ArLSEP Concepts: The lunar surface science package for the Artemis program will hopefully exceed the capability of the ALSEP. There are multiple issues for discussion leading to the design of a new ArLSEP, needing requirements definition from the science community, NASA mission architecture, and NASA budget planners.
1. Delivery Mechanism
Two possible projects currently provide capability to deliver scientific cargo to the lunar surface: 1) the Commercial Lunar Payload Services (CLPS) [5] and the Human Landing System (HLS) [6, 7]. Each project is controlled by a different organization within NASA and budgeted with different criteria although both support lunar exploration. The HLS system delivers crew (and potentially cargo) to human landing sites. If an ArLSEP is “predeployed” to such a site, the design must include power (either from the vehicle or independently) to keep the electronics functioning until deployed by the crew. If an ArLSEP is delivered on a vehicle after the crew is present on the lunar surface, safety protocols require adequate distance from the humans for impact from descent propelled sur-face regolith ejecta. This distance can not exceed the capability of the crew to walk (if no rover) to the vehicle for ArLSEP deployment.
2. Overall Guidelines
The general design of ArLSEP will likely follow the ALSEP with a common system for communications and power; however, significant architecture differences between Apollo and Artemis exist.

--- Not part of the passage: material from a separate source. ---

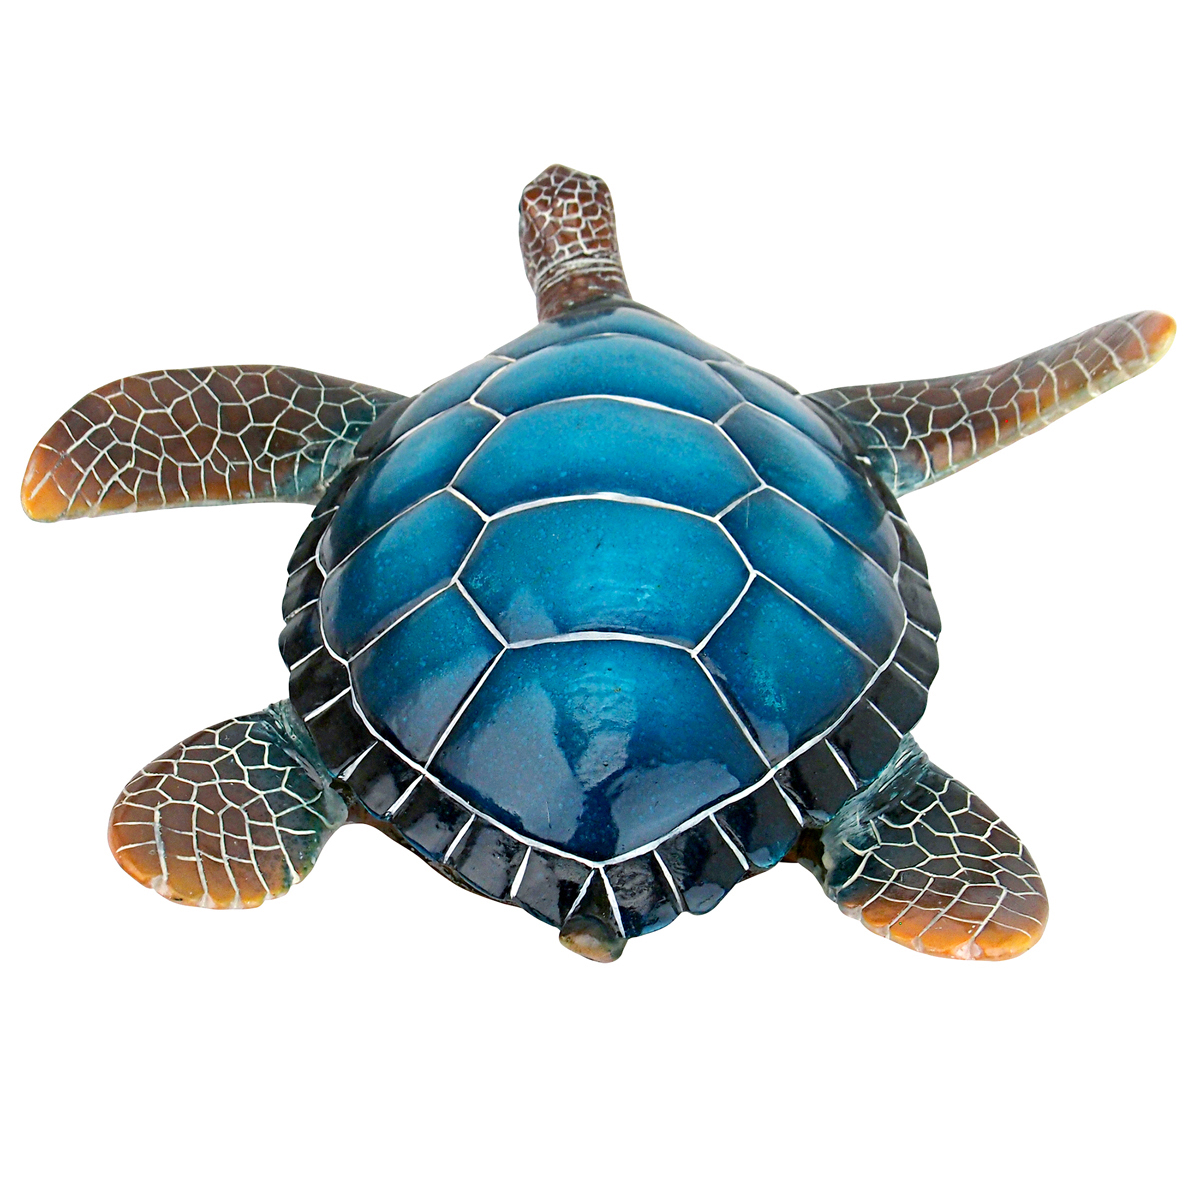 Image Thumbnail for Large Blue Sea Turtle Statue

Power: The RTG will not be available for early Artemis missions nor likely follow-on Lunar Exploration Transportation Services (LETS) missions [8]. Thus, ArLSEP power must be supplied by solar arrays with sufficient battery capability to “keep alive” necessary electronics during any lunar surface eclipse period.
Communication: The Artemis program is developing a series of communications satellites for lunar orbit to provide surface transmission of data and voice to Earth. Called “LunaNET”, this network is component useful for ArLSEP since south polar locations may not always have direct “line-of-sight” to Earth [9].
3. Concept of Operations (ConOps)
The general ConOps for ArLSEP is to deliver the package to lunar surface before the crew arrives, and then have the crew deploy the package after some period of time. This requires coordinated design (for power systems) and launch window (for schedule) on both the cargo and crew missions. Once the ArLSEP is deployed, it will operate autonomously for a number of years. It should be designed to be EVA compatible for crew maintenance and upgrade.

4. Notional Design (for discussion purpose only)
The landing site near the South Pole is expected to have no eclipse cycle exceeding 5 days, so the “keep alive” power is 144 hours (6 days to include margin). A 12v ArLSEP will use rechargeable LiFePO4 cells, which are common in the Electric Vehicle (EV) industry. With a current of 5 amps and a 125 watt system, the mass is about 90kg. The comm. system and structure adds another 10kg, thus the “Central Station” is approximately 100kg. The solar power is collected on four arrays (each 2m above the surface), and the entire ArLSEP is designed to stow in a 2m x 1m x 1m volume. The experiment and instrument design will vary for each installation and add mass to the total (although they are expected to fit within the 2m3 volume). Seismic wave generation will likely not be provided with mortars, thus an electric “thumper” will be required. Active instruments such as imaging systems and sensing instruments will benefit from the additional power and communication capability provided by ArLSEP. Passive systems such as retroreflectors, witness plates, and cosmic dust collectors can be added to either the landing vehicle and/or the ArLSEP. With repeated HLS missions to the same human site, the ArLSEP can be expanded and easily maintained for long duration science collection on the lunar surface.